John Drennan: Keaveney brings flair to staid 4-4-2
Fianna Fail have adopted quite the colourful child, but he's a gamble worth taking
Published 08/12/2013 | 02:30
As Colm Keaveney and Fianna Fail pledged their troth on the Dail plinth, you could hardly blame us for starting to hum the old Chuck Berry song about how "it was a teenage wedding and the old folks wished them well".
There were certainly lots of "good luck" style sentiments coming from Fianna Fail to Keaveney and more intriguingly still from the Labour TDs to their FF counterparts.
But, unlike the wiser school of nuptial attendees who keep their mouths shut over the chances of teenage weddings ending well, colder analysts were less optimistic.
They instead compared the trajectory of Keaveney's political career to that of someone who, having leaped from the sinking Labour ship, was now swimming with the Fianna Fail rats.
Mr Keaveney was somewhat more optimistic as he tweeted about how, even in Irish politics, the law of 'Audentis Fortuna iuvat' (fortune favours the brave) can prevail. The broad smiles within Labour as they happily congratulated Fianna Fail appeared to suggest the latter had, to borrow a phrase from Yes Minister, taken a "very brave decision".

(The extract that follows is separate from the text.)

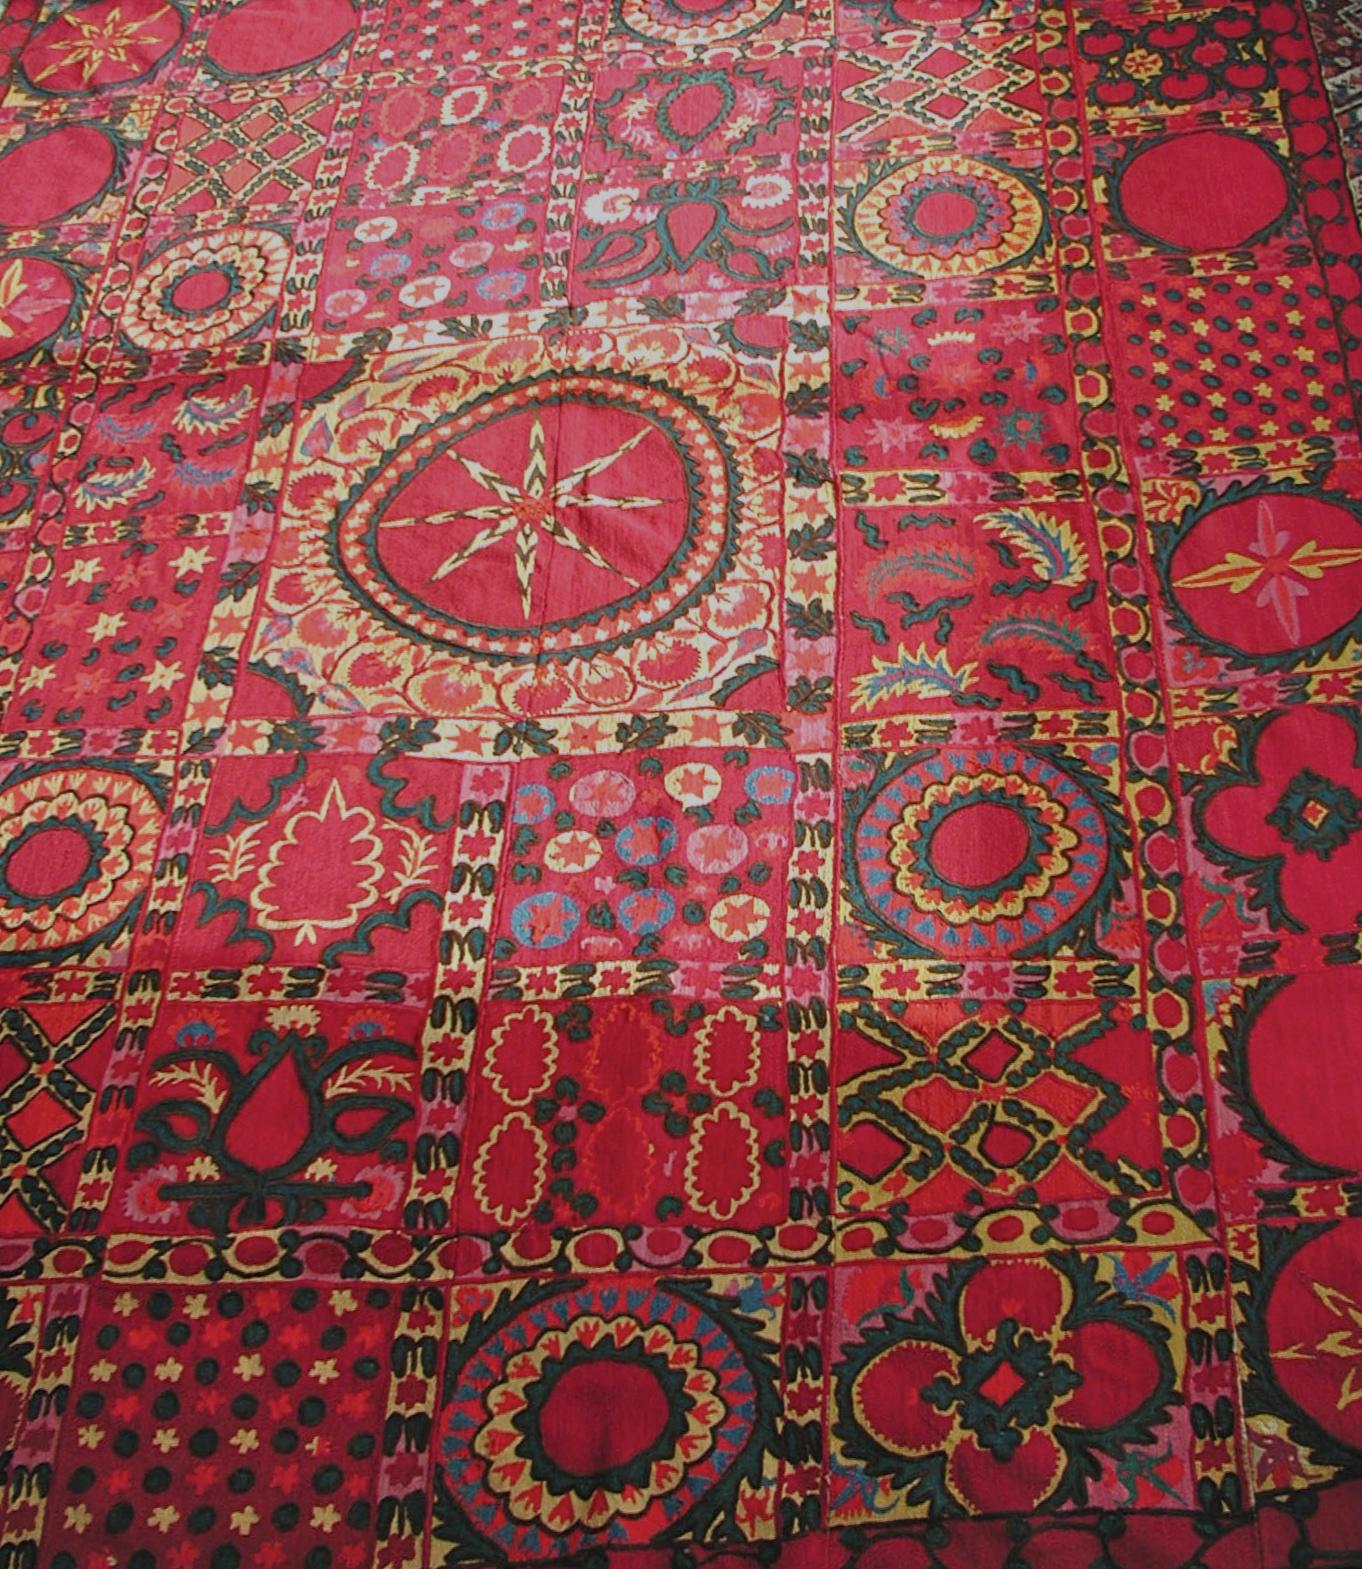 Antique Suzani Embroidery Uzbekistan Tashent Style

They have also adopted quite the colourful child, for few indeed would be the politicians who have made a more immediate impact than this exotic arrival from the west of Ireland. From the start, as Keaveney stepped around the plinth rather like a latter-day Pink Panther, we knew this was a different sort of political creature. A Labour hierarchy who increasingly responded to the Pink Panther of Galway East like an infuriated Herbert Lom also swiftly came to a similar conclusion.

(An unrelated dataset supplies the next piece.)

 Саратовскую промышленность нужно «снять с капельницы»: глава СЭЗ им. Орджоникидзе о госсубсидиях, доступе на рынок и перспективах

Outside of his capacity to infuriate the Labour leader's court, Mr Keaveney also stood out in other ways, for in a generally drab political scene Mr Keaveney is the closest thing politics has to an Irish Oprah.
Like Oprah, he has the unique capacity to empathise and emote with the citizens in a manner which somehow also manages to weave the dramatic tapestry of his own life into the mix.
Indeed, as with the equally empathetic Princess Diana, on occasions Mr Keaveney feels the people's pain so intensely, sometimes it appears to become his own wound.
Perhaps his greatest strength and weakness is the clear belief of FF's new recruit that some great destiny awaits, should he just find the directions on his political sat-nav.
Though his colleagues in Labour never liked this too much, there is something to be said for the spectacle, in a Dail of modest time-servers, of a man coming in with the intent of causing a bit of a stir with the ornate phraseology, the casually tossed out Latin phrases and that restless search in the caverns of his heart for the spirit of the nation.
In a strange way, such traits added to his attraction, for Keaveney is the definitive anti-modernist politician who is not at home in the safe, cafe society world of focus groups, herd-speak and group-think.
Before we get too glowing, it should, however, also be noted Mr Keaveney is not without flaws. His oscillations prior to voting against Budget 2012, half an hour after Labour thought they had landed their fish, saw him nicknamed Vicky Pollard in honour of the Little Britain character, whose catch-phrase is "I said yes but no but yes, but no".
And if FF have doubts, when it comes to the complex FF Keaveney graft, he too must wonder if his elliptical continental style can be absorbed into the more prosaic 4-4-2 'the boss is always right' culture of Fianna Fail.
But given the similarities within the Fianna Fail and the Labour mindset, epitomised by Pat Rabbitte's disconsolate observation that the Irish electorate tend to "think Labour but vote Fianna Fail", the dissonances may not be as great as they think.
Ultimately, in a pallid Dail of brand-loyal TDs who have the characteristics of one of those stolid shire horses that are bred to man the plough, Keaveney was a gamble worth taking by Micheal Martin.
Like a thoroughbred, he may be mercurial, temperamental and difficult to control, but these qualities add to the attraction of mastering him.
The problem for Dear Leader Michael, though, should it all go wrong, was best summarised by one observer: "He'll either have left FF or become its leader in a year".